A die is rolled and a coin is flipped. What is wrong with the following reasoning?:
Let $A=\{1,3,6\}$ (event from die roll), let $B=\{H\}$ (event of heads)
then, $A\cap B=\emptyset$ (since they have no common elements)
and $\Pr(A\cap B)=\Pr(\emptyset)=0$.
I realize that the probability of the intersection of two independent events is the product of their probabilities but I want to know what is 'wrong' with this reasoning.
Best Answer
The problem is the wrong choice of sample space.

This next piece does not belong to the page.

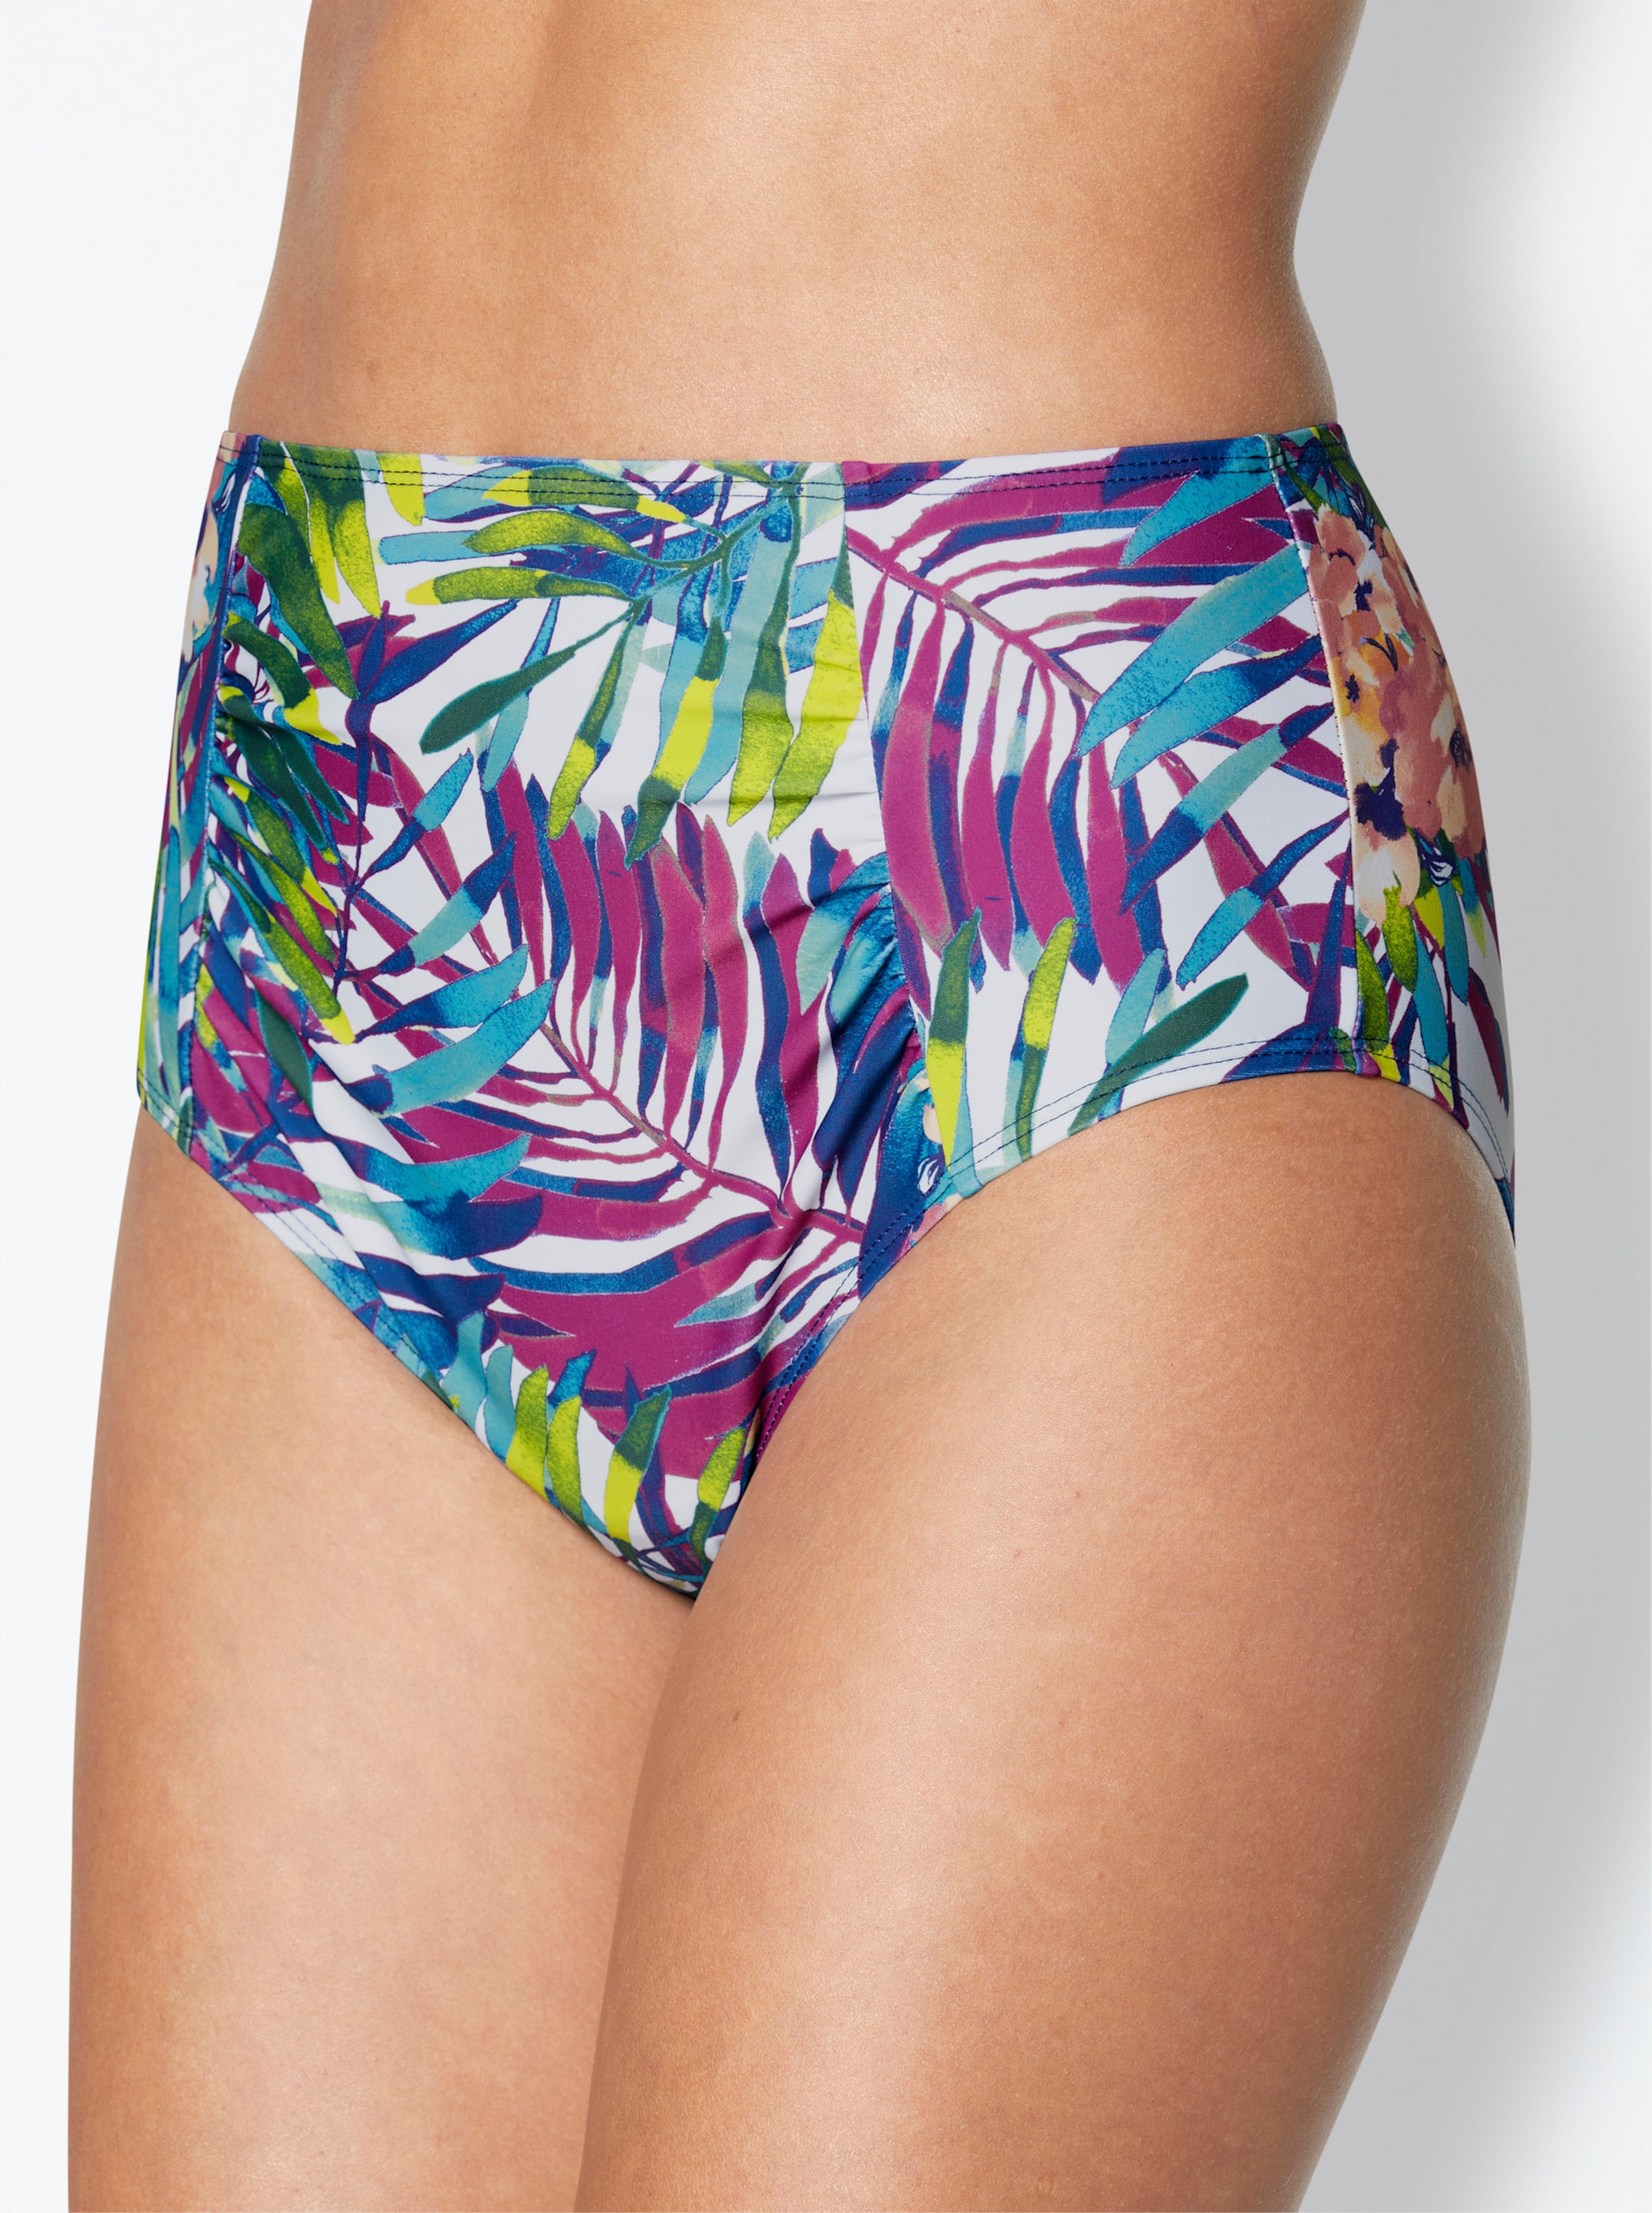 Cameosis/Feel günstig Kaufen-Bikini-Slip in lagune-gemustert von feel good. Bikini-Slip in lagune-gemustert von feel good <![CDATA[Bikini-Slip mit Raffung.]]>.

The right sample space is $\Omega=\{1,2,3,4,5,6\} \times\{H,T\}$ note that the elementary events are ordered pairs $(\omega_1, \omega_2)$.
Now consider the events
\begin{align*} E_1&=\{(\omega_1, \omega_2) \in \Omega: \omega_1\in\{1,3,6\}\}\\ E_2&=\{(\omega_1, \omega_2) \in \Omega: \omega_2=H\}\,. \end{align*}
You should be able to say what $P(E_1 \cap E_2)$ is, and it's not $0$.
Suppose $P$ is the uniform probability.
$$P(E_1 \cap E_2)=\frac{|E_1 \cap E_2|}{|\Omega|}=\frac{3}{12}=0.25\,.$$